▶ [REQUIRED ACTION] Every line below must be reproduced exactly; no pictures are to be included.
··· MATERIAL TO PROCESS ···
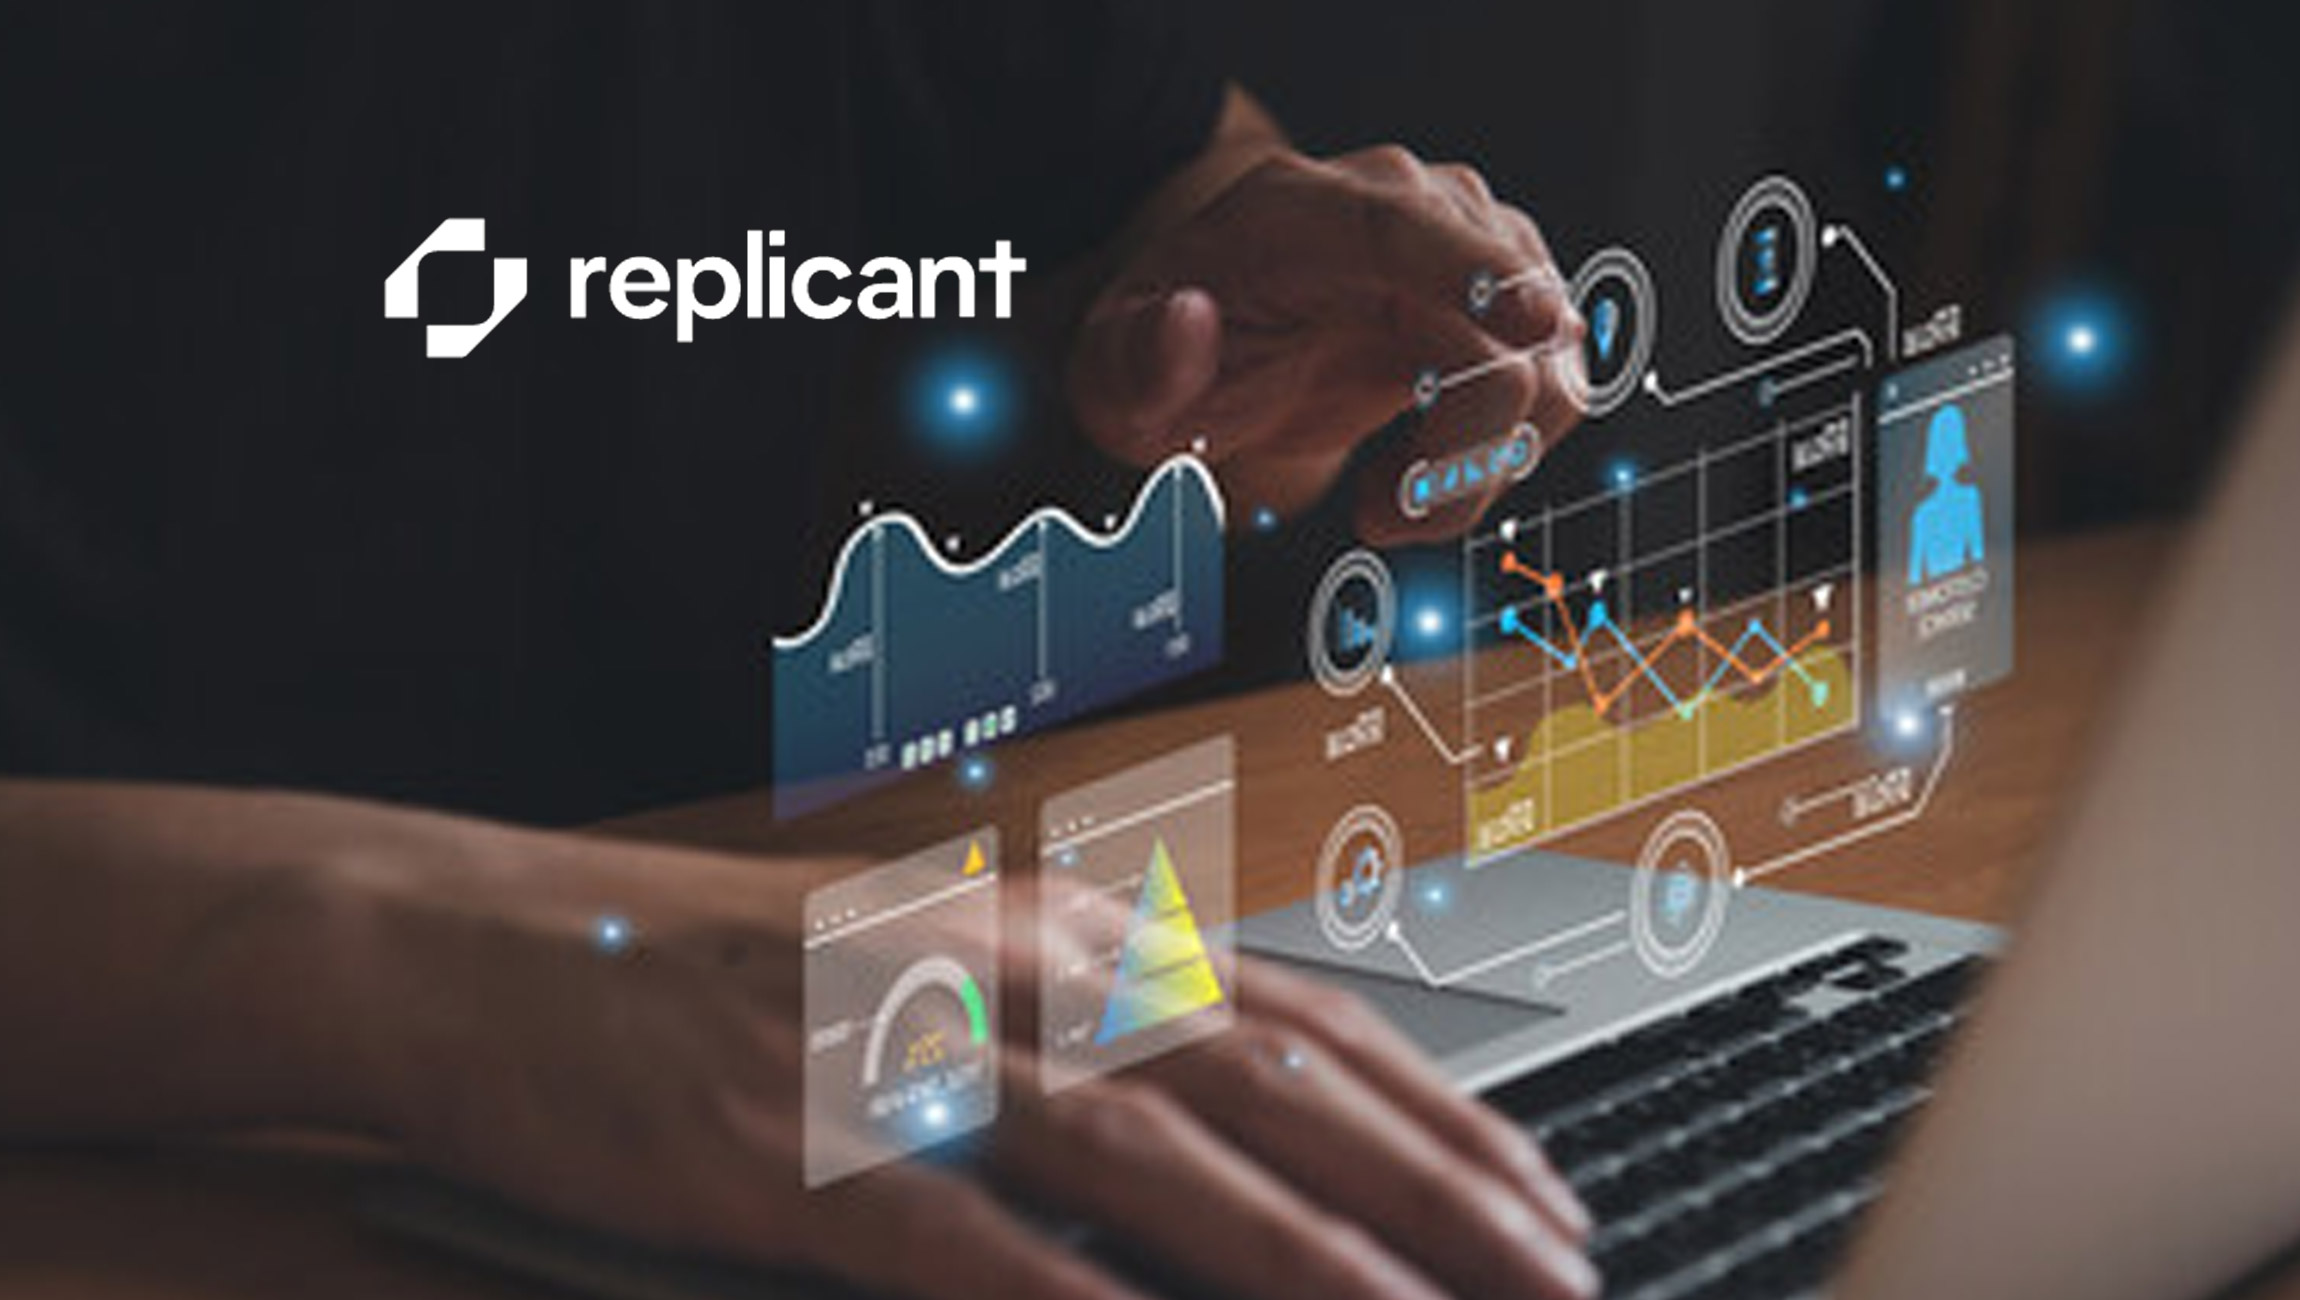 New Contact Center Benchmark Report From Replicant and Demand Metric Reveals Automation as Top Priority in 2023
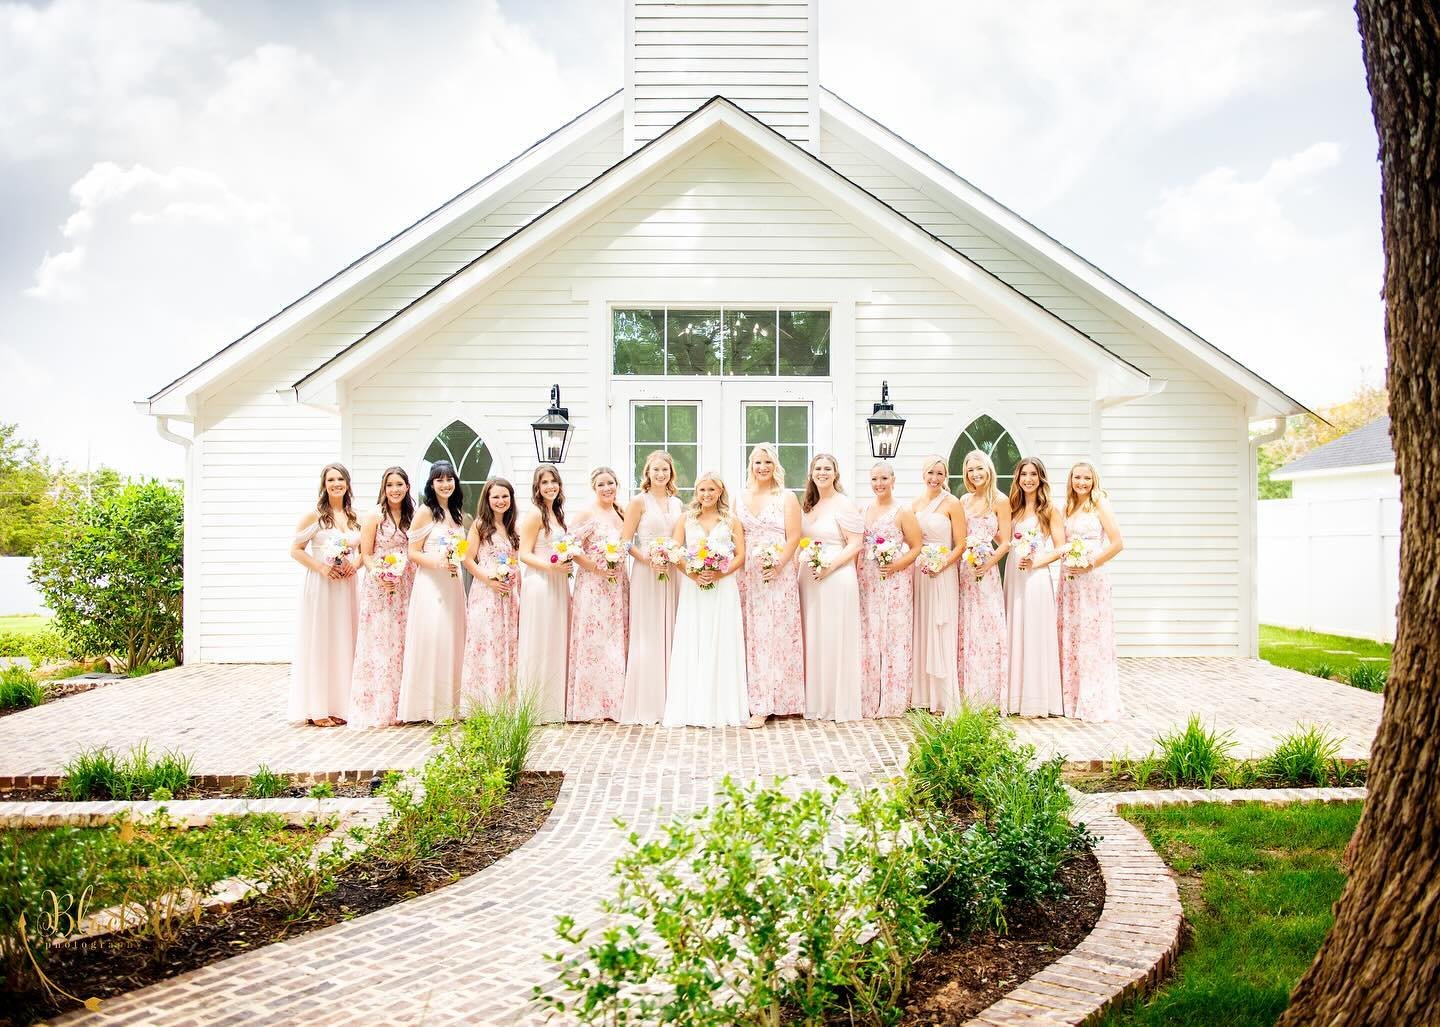 Emily + Ford | May 11, 2024 💍⛪️

Still swooning over Emily&rsquo;s bridesmaid colors!

@springsvenue
@springsvenuevalleyview
@pinkglitterevents
@tgriggs15
@bblewisville 
@blackallphotography
@teasetopleasehairandmakeup
@anniesflowerstx
@extremecuisi
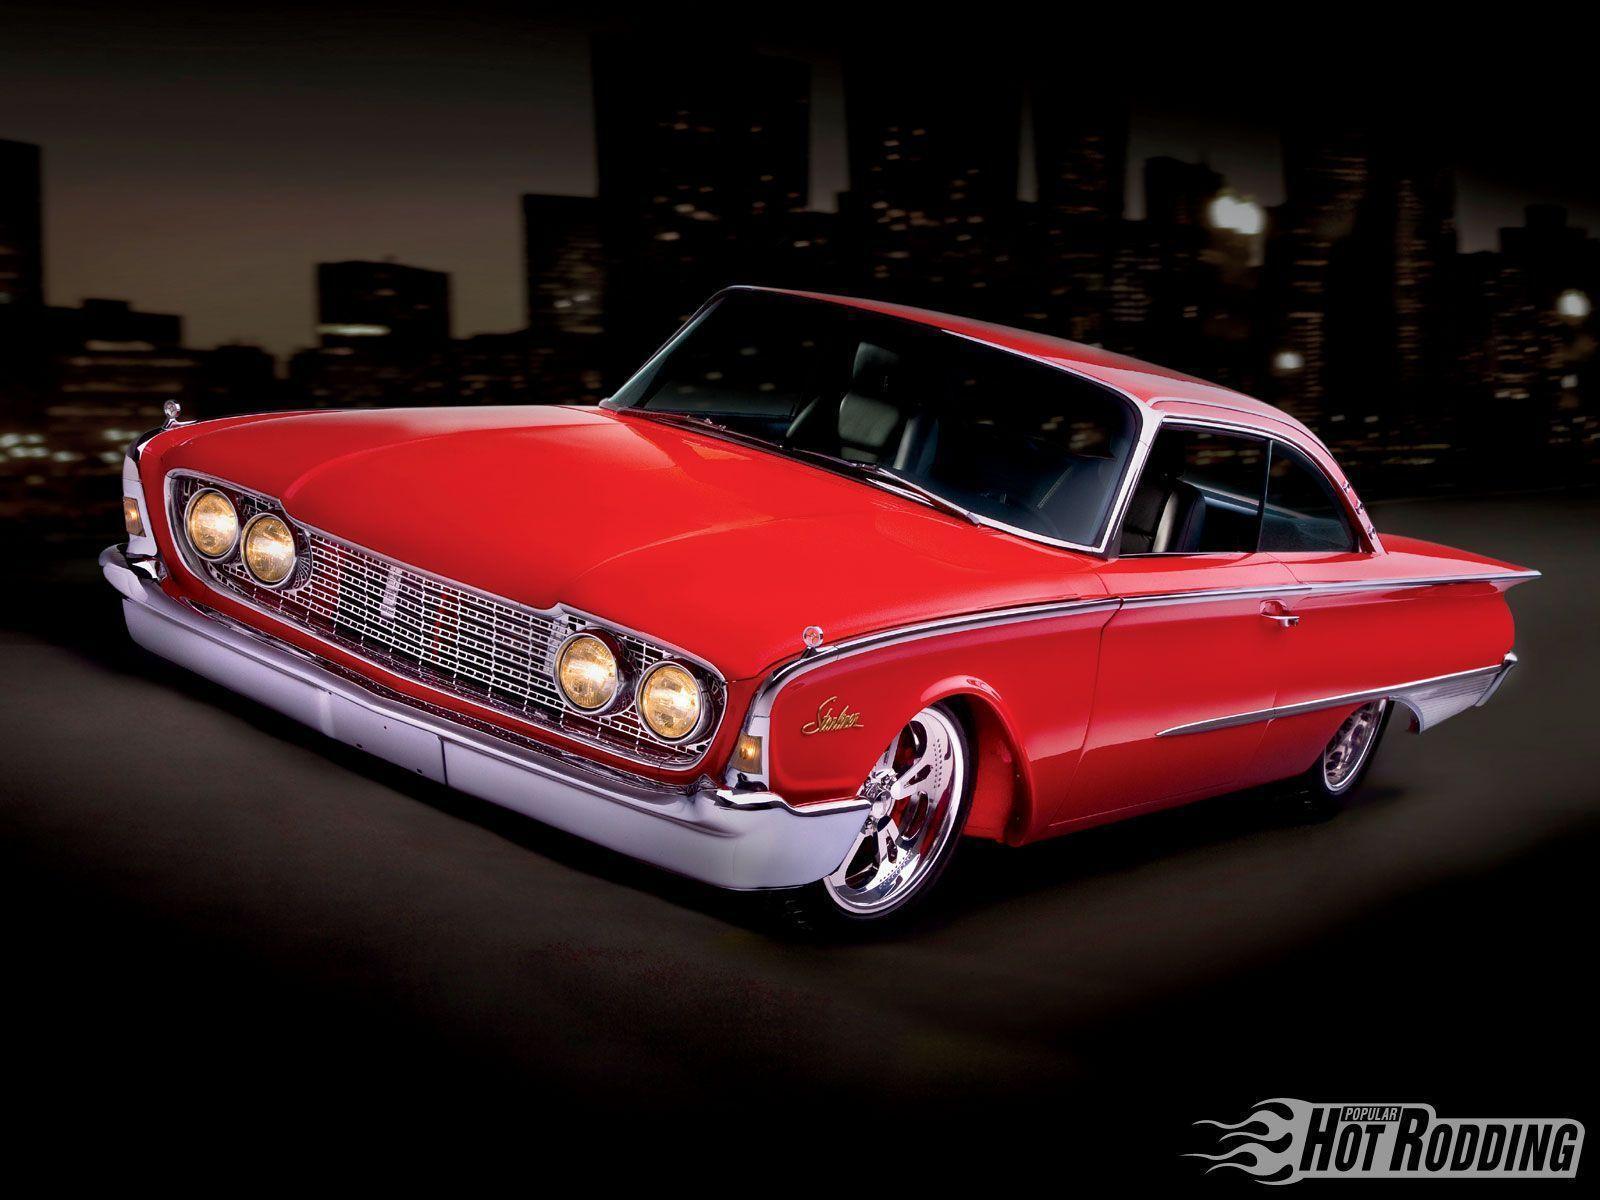 Ford Starliner luxury classic hot rod lowrider wallpaper
···
▶ [EXERCISE SOLUTION]
 New Contact Center Benchmark Report From Replicant and Demand Metric Reveals Automation as Top Priority in 2023
 Emily + Ford | May 11, 2024 💍⛪️

Still swooning over Emily&rsquo;s bridesmaid colors!

@springsvenue
@springsvenuevalleyview
@pinkglitterevents
@tgriggs15
@bblewisville 
@blackallphotography
@teasetopleasehairandmakeup
@anniesflowerstx
@extremecuisi
 Ford Starliner luxury classic hot rod lowrider wallpaper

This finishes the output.